Alternative application under s 116 of the Adoption Act
-
Section 116 provides for the recognition of certain other foreign adoptions as follows:
“116 Recognition of foreign adoptions in countries other than Convention countries and prescribed overseas jurisdictions
(1) This section applies to an order for the adoption of a person—
(a) that was made (whether before or after the commencement of this section) in a country other than Australia that is not a Convention country or a prescribed overseas jurisdiction, and
(b) if, at the time at which the legal steps that resulted in the adoption were commenced, the adoptive parent or parents—
(i) had been resident in that country for 12 months or more, or
(ii) were domiciled in that country.
(2) An order for the adoption of a person to which this section applies is to have the same effect as an adoption order made under this Act if—
(a) the adoption is in accordance with and has not been rescinded under the law of that country, and
(b) in consequence of the adoption, the adoptive parent or parents, under the law of that country, have a right superior to that of the adopted person’s birth parents in relation to the custody of the adopted person, and
(c) under the law of that country the adoptive parent or parents were, because of the adoption, placed generally in relation to the adopted person in the position of a parent or parents.

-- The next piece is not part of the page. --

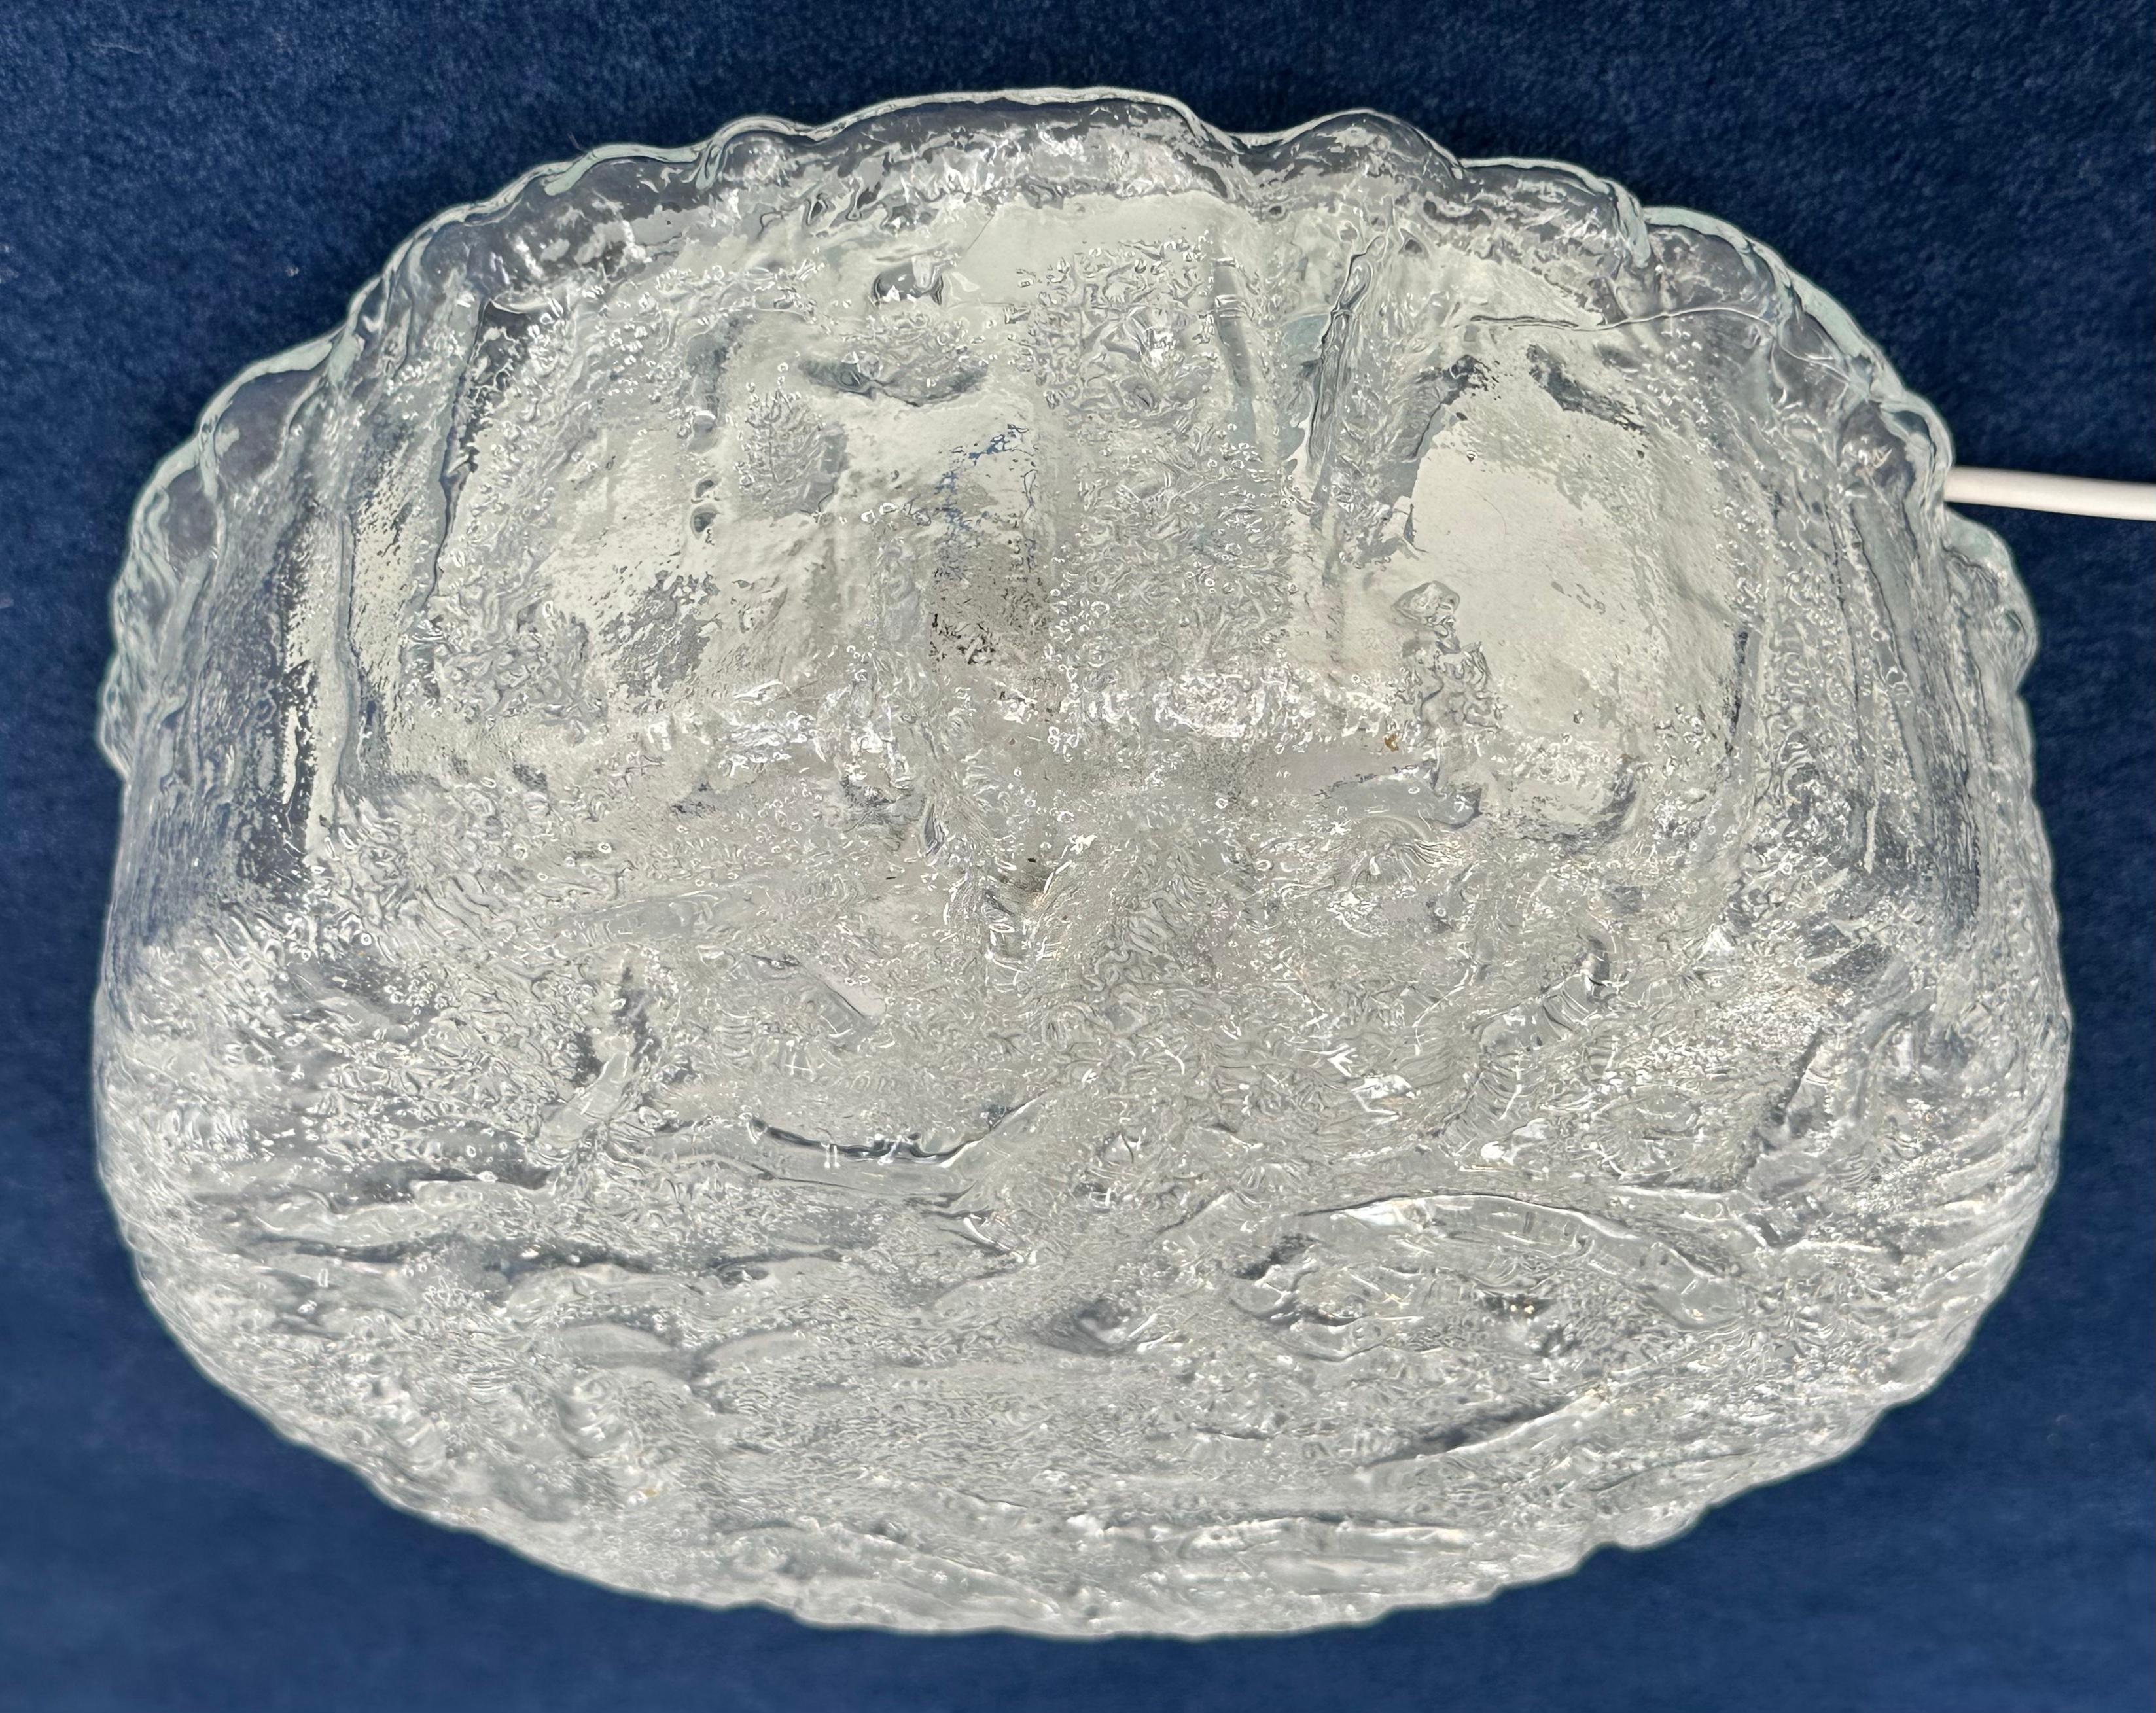 1970s German Glashütte Limburg Iced Glass Flush Mount Ceiling or Wall Light For Sale 2

(3) Despite subsection (2), a court (including a court dealing with an application under section 117) may refuse to recognise an adoption under this section if it appears to the court that the procedure followed, or the law applied, in connection with the adoption involved a denial of natural justice or did not comply with the requirements of substantial justice.
(4) A court that refuses to recognise an adoption may, at the time of refusing or at a later time, give leave to the applicant to seek an order for the adoption of the child concerned. …

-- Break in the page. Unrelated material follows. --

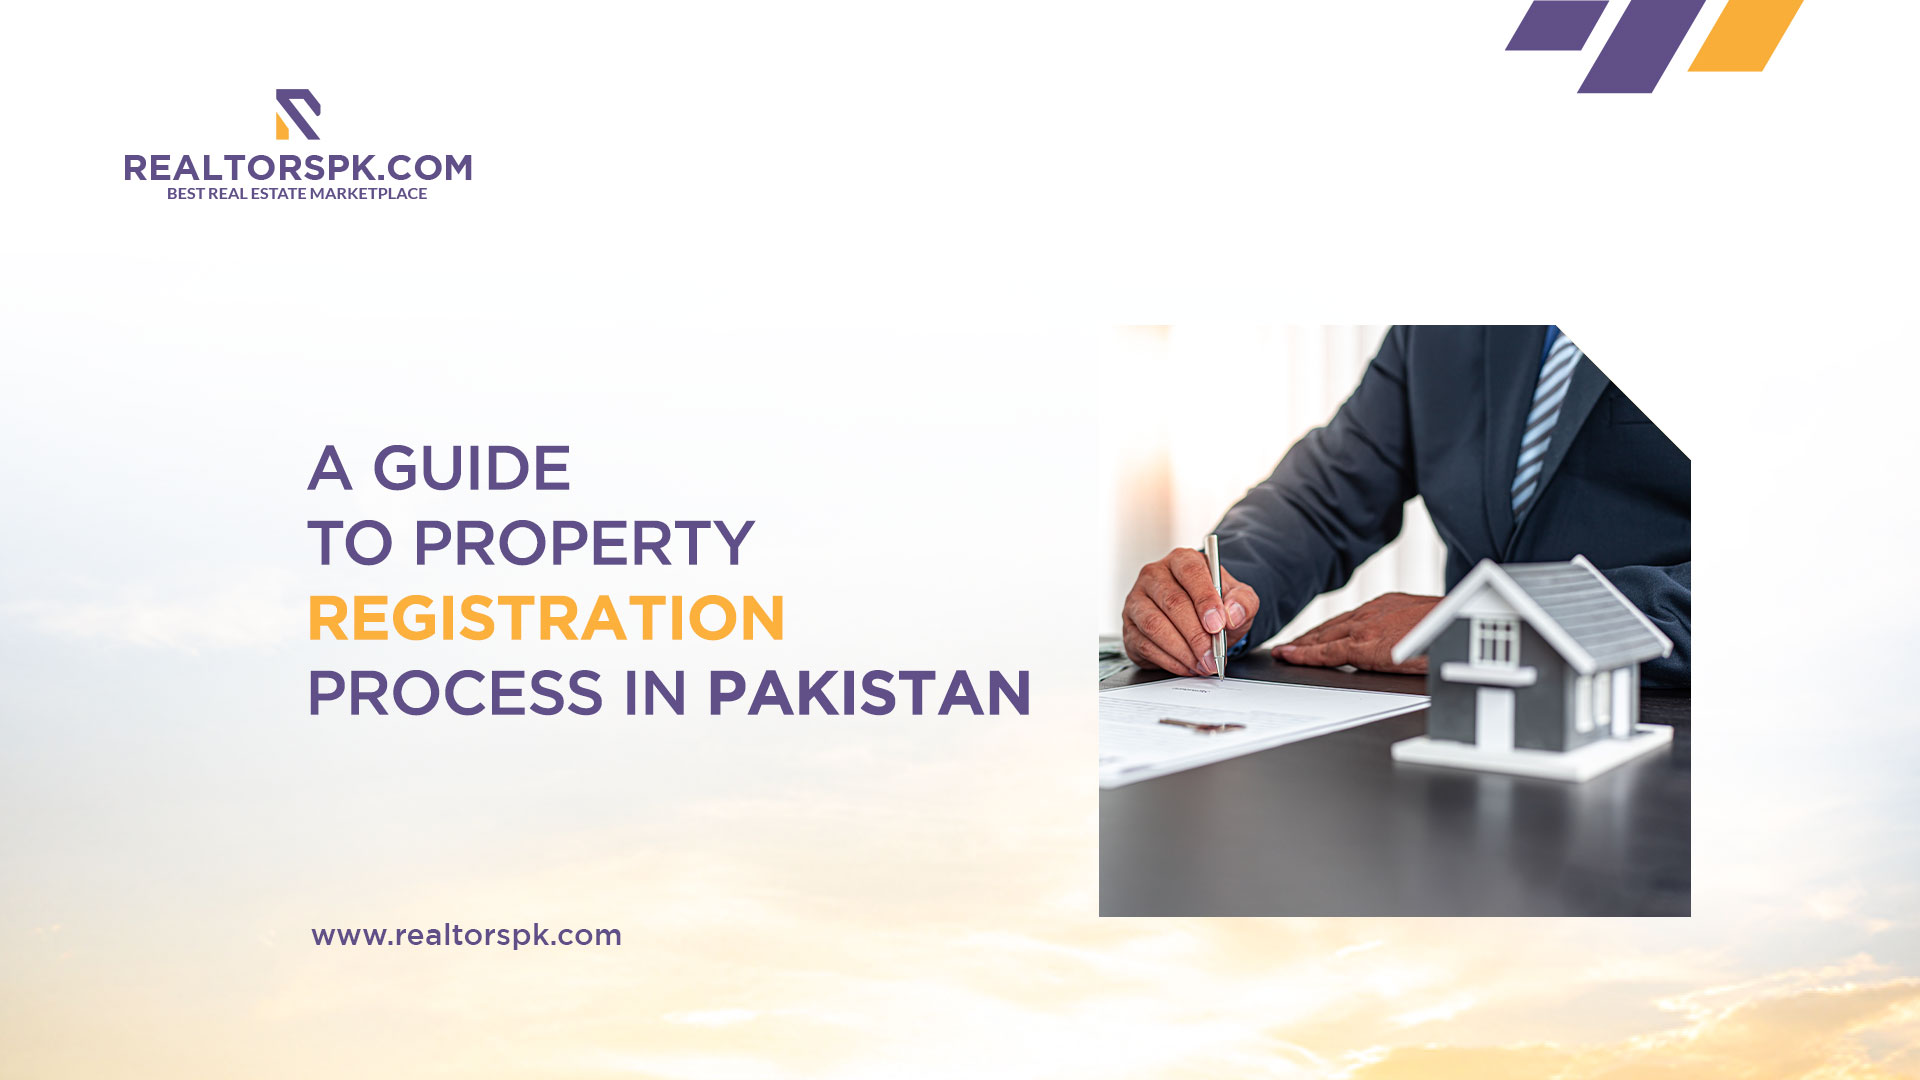 Property registration process in pakistan-Realtorspk

(5) In any proceedings before a court (including proceedings under section 117), it is to be presumed unless the contrary appears from the evidence, that an order for the adoption of a person that was made in a country outside Australia that is not a Convention country or a prescribed overseas jurisdiction complies with subsection (1).
(6) Nothing in this section affects any right that was acquired by, or became vested in, a person before the commencement of this section.”
-
A “prescribed overseas jurisdiction” is defined with reference to s 5 of the Family Law (Bilateral Arrangements—Intercountry Adoption) Regulations 2023 (Cth) and in predecessor provisions. As noted above, the People’s Republic of China is presently within the definition of a “Convention country” and, the Secretary points out, it was formerly defined as a prescribed overseas jurisdiction under previous regulations.
-
Section 117 provides that any party to an adoption order made outside Australia may apply to the Court for a declaration that the order complies with s 116. As the Secretary also points out, in Re C Palmer J held that s 116(1) does not apply to an order made in a Convention country (at [29]). Where an order for adoption had been made in that case in China, which was a Convention country at the time the adoption order was made, his Honour declined to make a declaration under s 117. In Adoption of CAR [2018] NSWSC 1552 (“CAR”), Darke J similarly held (at [8]) that the text of s 116(1)(a) conveys a clear meaning, that the section applies only to an order for the adoption of a person that was made in a country other than Australia that is not a Convention country or a prescribed overseas jurisdiction. His Honour also observed (at [9]) that:
“Moreover, it appears to me that a policy of Part 2 of Chapter 5 of the Act, ascertained from the text and structure of the Act itself, is that in the case of an adoption order made in a Convention country, the validity of the adoption is to be determined according to compliance with the Convention, rather than with domestic law (see [Re C] at [30]). This policy would be undermined if adoption orders made in Convention countries but not made in accordance with the Convention were recognised under s 116 of the Act. I note that CAR sought to distinguish Re C (supra) on the basis that the case concerned a child under the age of 18 years able to seek an order under s 108 of the Act. That may be so, but I consider that recognition of any overseas adoption order from a Convention country that was not procured in accordance with the Convention would be inconsistent with the policy of the Act outlined above.”
-
The Secretary submits, and I accept, that LL’s and DW’s alternative claim that the adoption complies with s 116 of the Adoption Act must fail, because s 116 applies to an order for the adoption of a person made in a country other than Australia that is not a Convention country or a prescribed overseas jurisdiction. That section does not apply, where the People’s Republic of China is a Convention country. That position is recognised in M Davies et al, Nygh’s Conflict of Laws in Australia (LexisNexis Butterworths, 10th ed, 2020) at [30.37].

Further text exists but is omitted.